Serious cyclists love to spend money on equipment, and the market is often
designed around forced obsolescence. While there are stories of cyclists doing
great things on sub-standard equipment, the "marginal gains" that top-flight
gear provide make it difficult for the cyclist with just average or below-
average equipment to do well.

I am, of course, talking about competition here--plenty of long distance
cyclists (randonneurs) ride 1600km on "sub-standard" equipment. Just browse a
gallery of the Paris-Brest-Paris brevet to see.

------
mtw
It might be anecdotal, but I run and bike because I've never been good in most
popular team sports, such as basketball, soccer etc. On the other hand,
running, biking or swimming do not require social skills, dexterity or other
skills associated with the more popular spots. As long as you know how to run,
it's just a matter of stubbornness/discipline. Plus running is a blessing for
those who prefer peaceful activities. You get to run alone in the woods.
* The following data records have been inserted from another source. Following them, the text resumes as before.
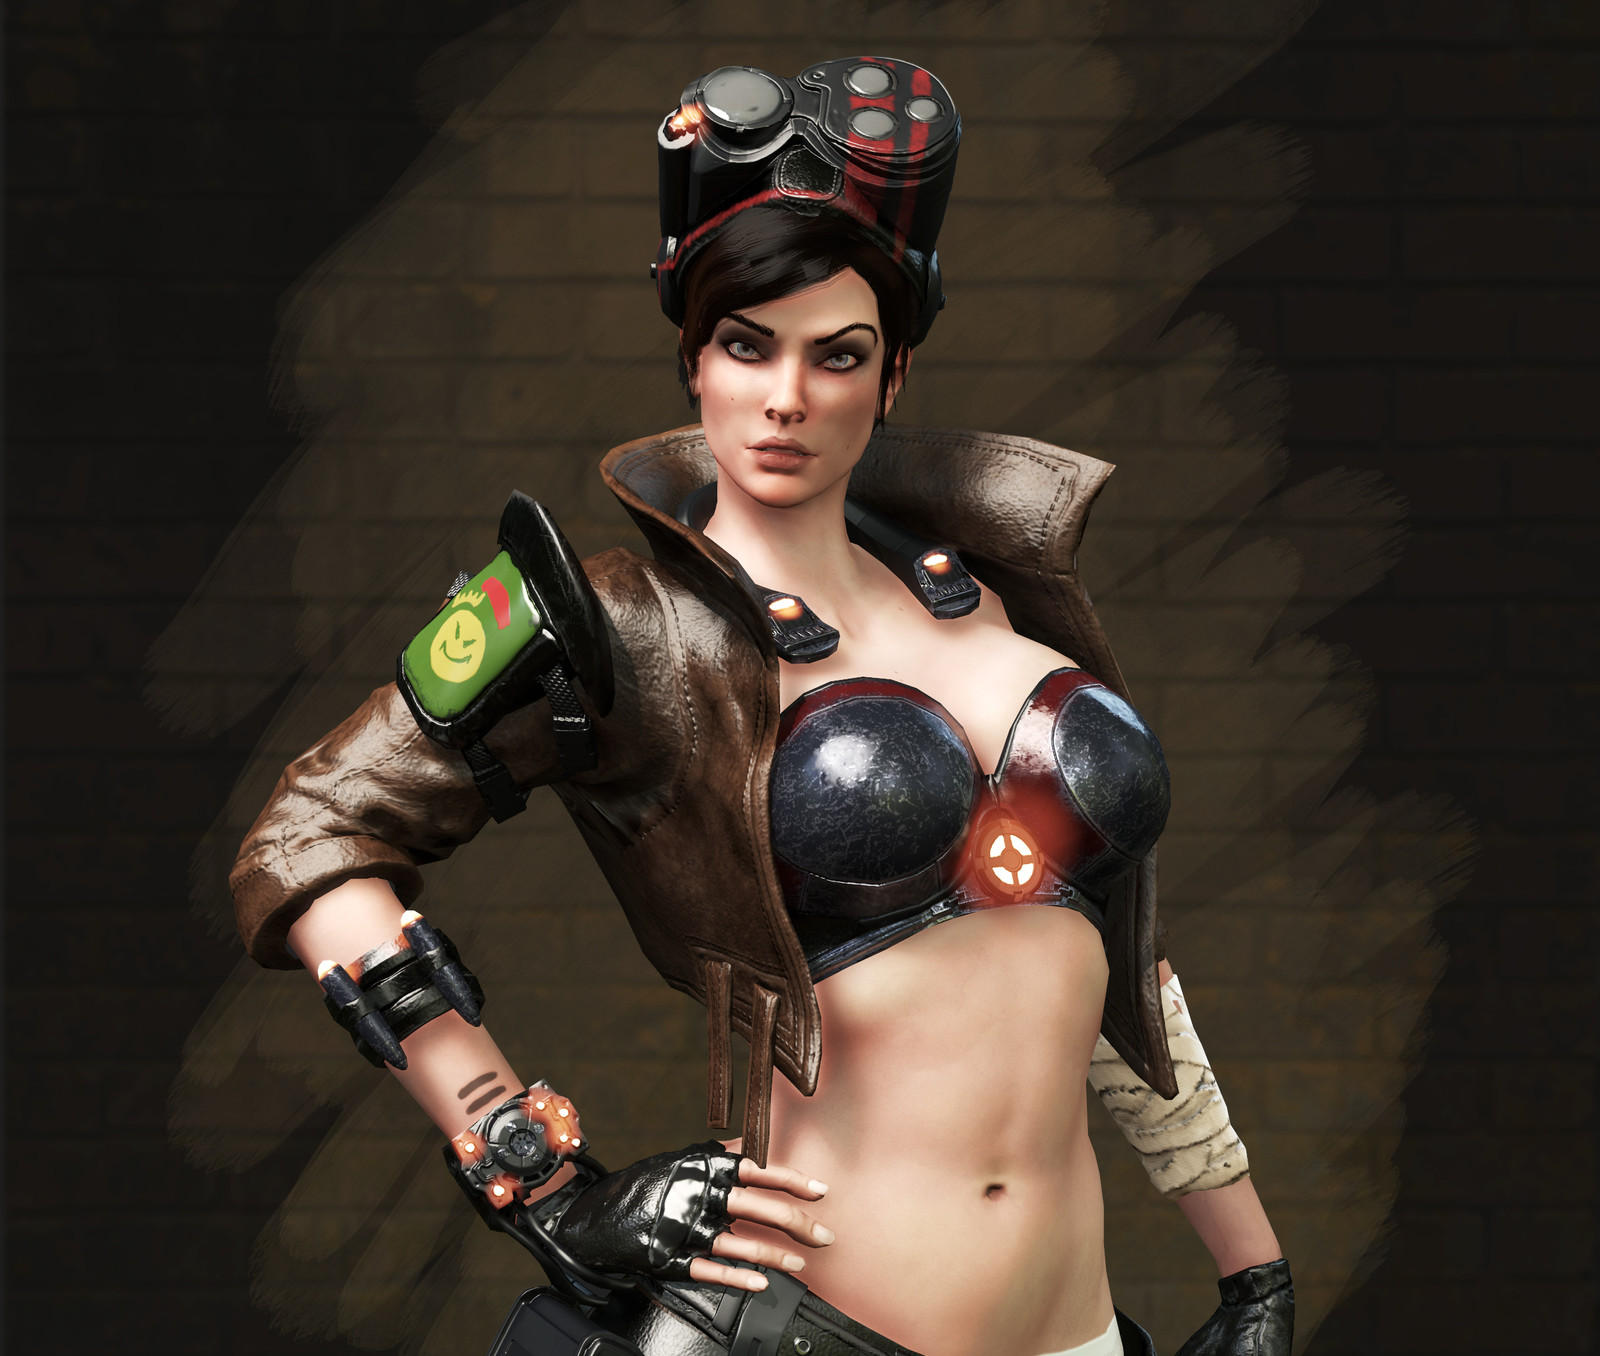 Pilot Female Character - Concept from David-Sladek
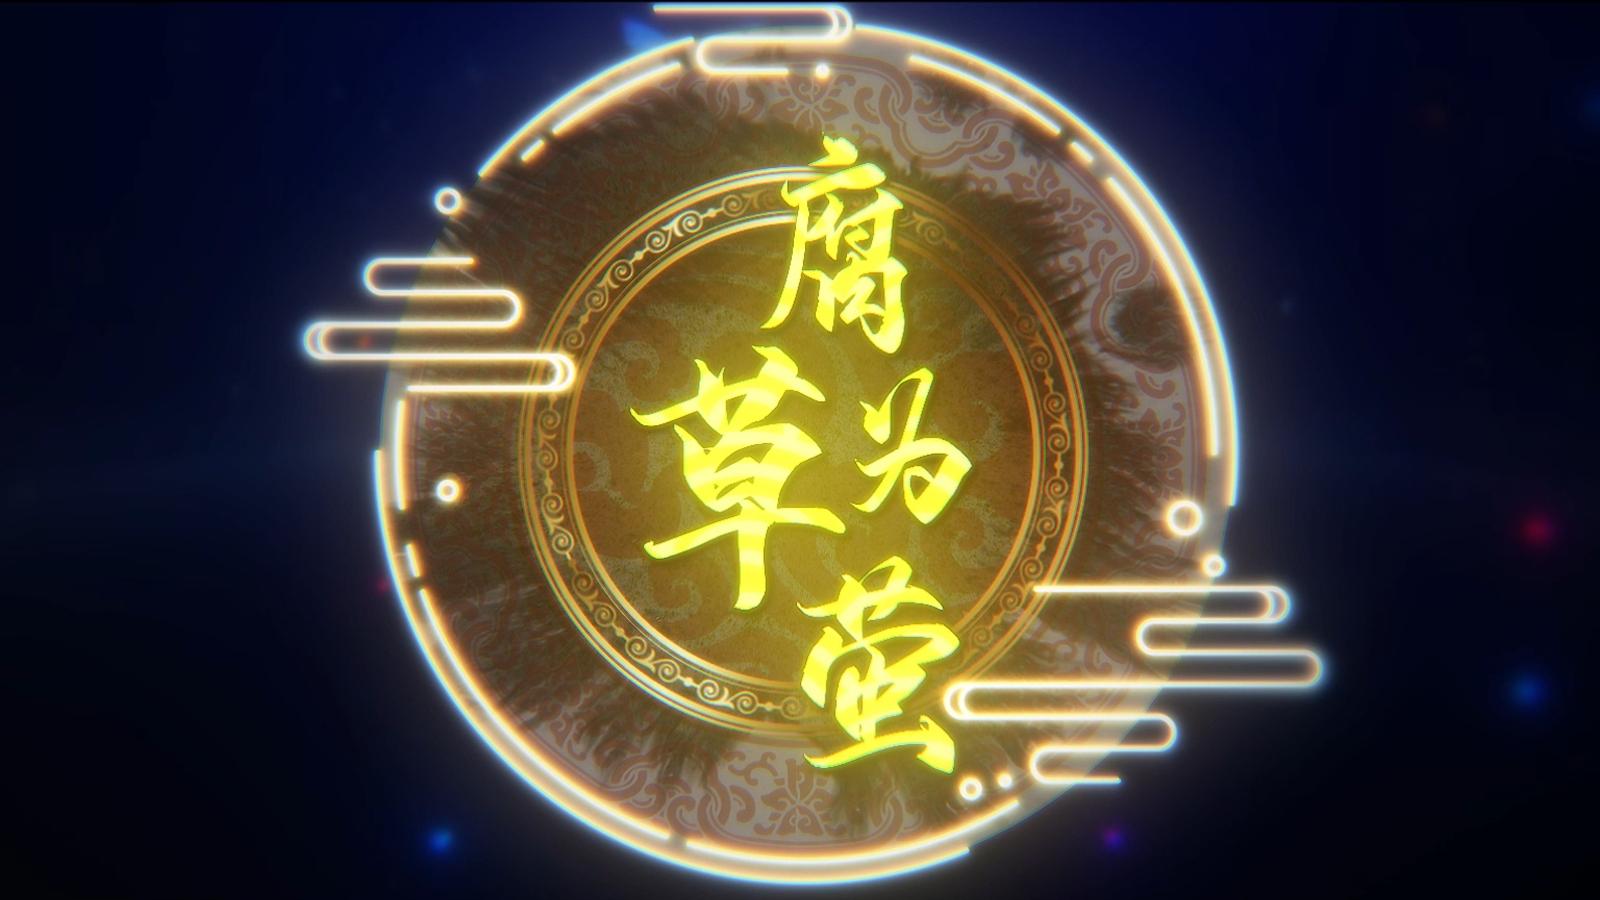 【茗魂】【VUP万圣祭】腐草为萤·萤火点点的爱情【A站独家】
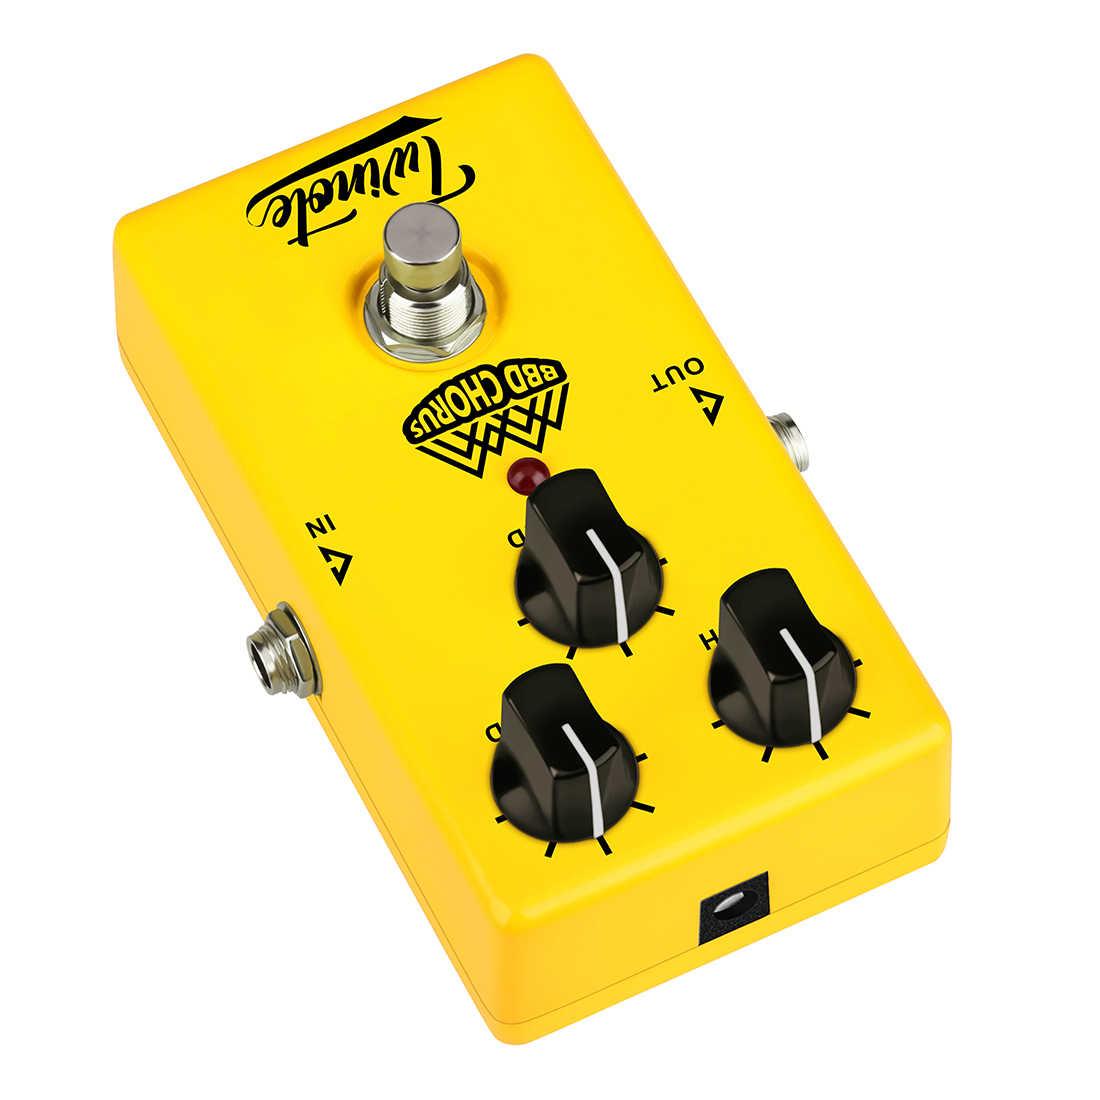 Twinote صحيح الالتفافية التناظرية جوقة تأثيرات الغيتار دواسة تأثير المعالج للكهرباء الغيتار-BBD جوقة الكهربائية الغيتار أجزاء
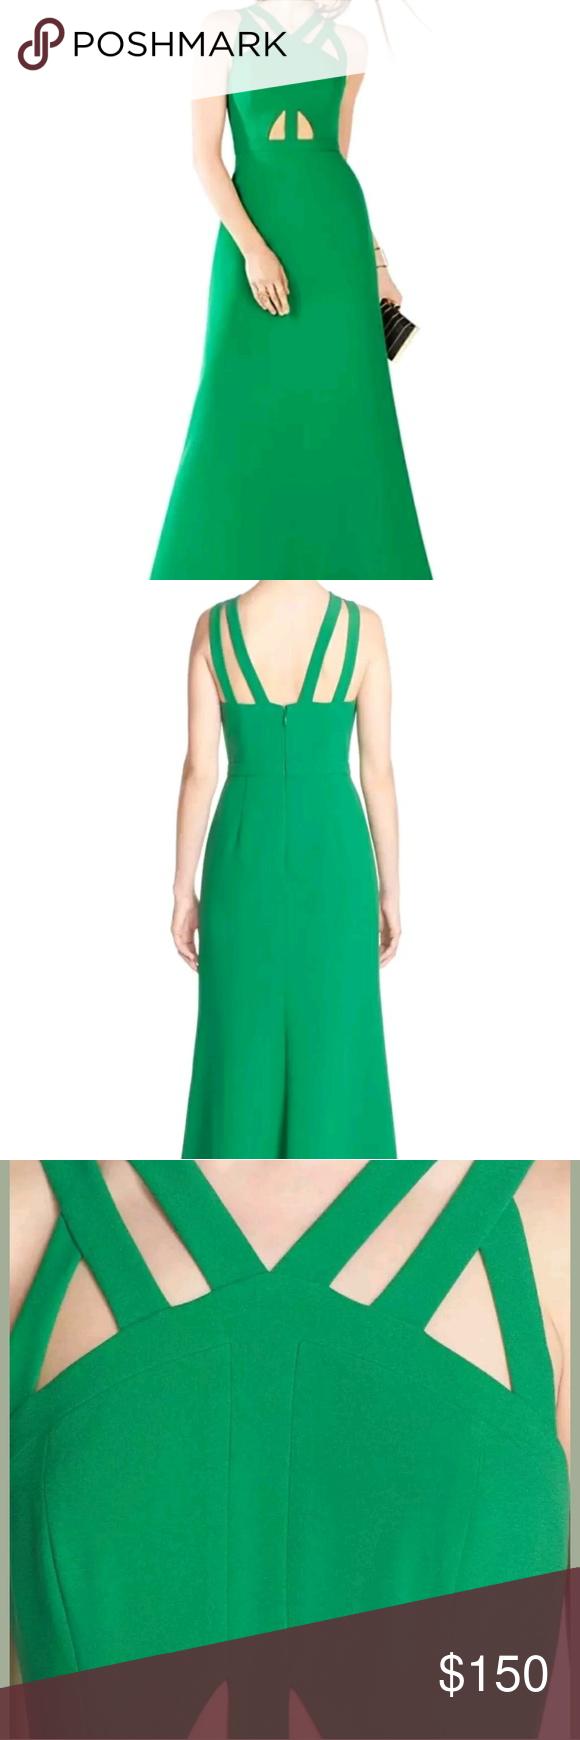 47++ Bcbg green cut out dress trends

Friends who are programmers or who have white-collar jobs are in similar cases
(were good/great in school but were last in sports classes)

------
RPLong
This author began with a hypothesis, and then engaged in motivated reasoning
in order to confirm it.

All we need to do is look at who the best distance runners in the world are:
Kenyans, Ethiopians, Moroccans -- these are not people with above-average
annual incomes or large net worth. By deliberately excluding the entire
continent of Africa from the scope of analysis, the author talks himself into
a baseless and silly theory.

Endurance sports have always been sports of the people. Buy a pair of shoes or
swimming trunks, a cheap Walmart bicycle and join us.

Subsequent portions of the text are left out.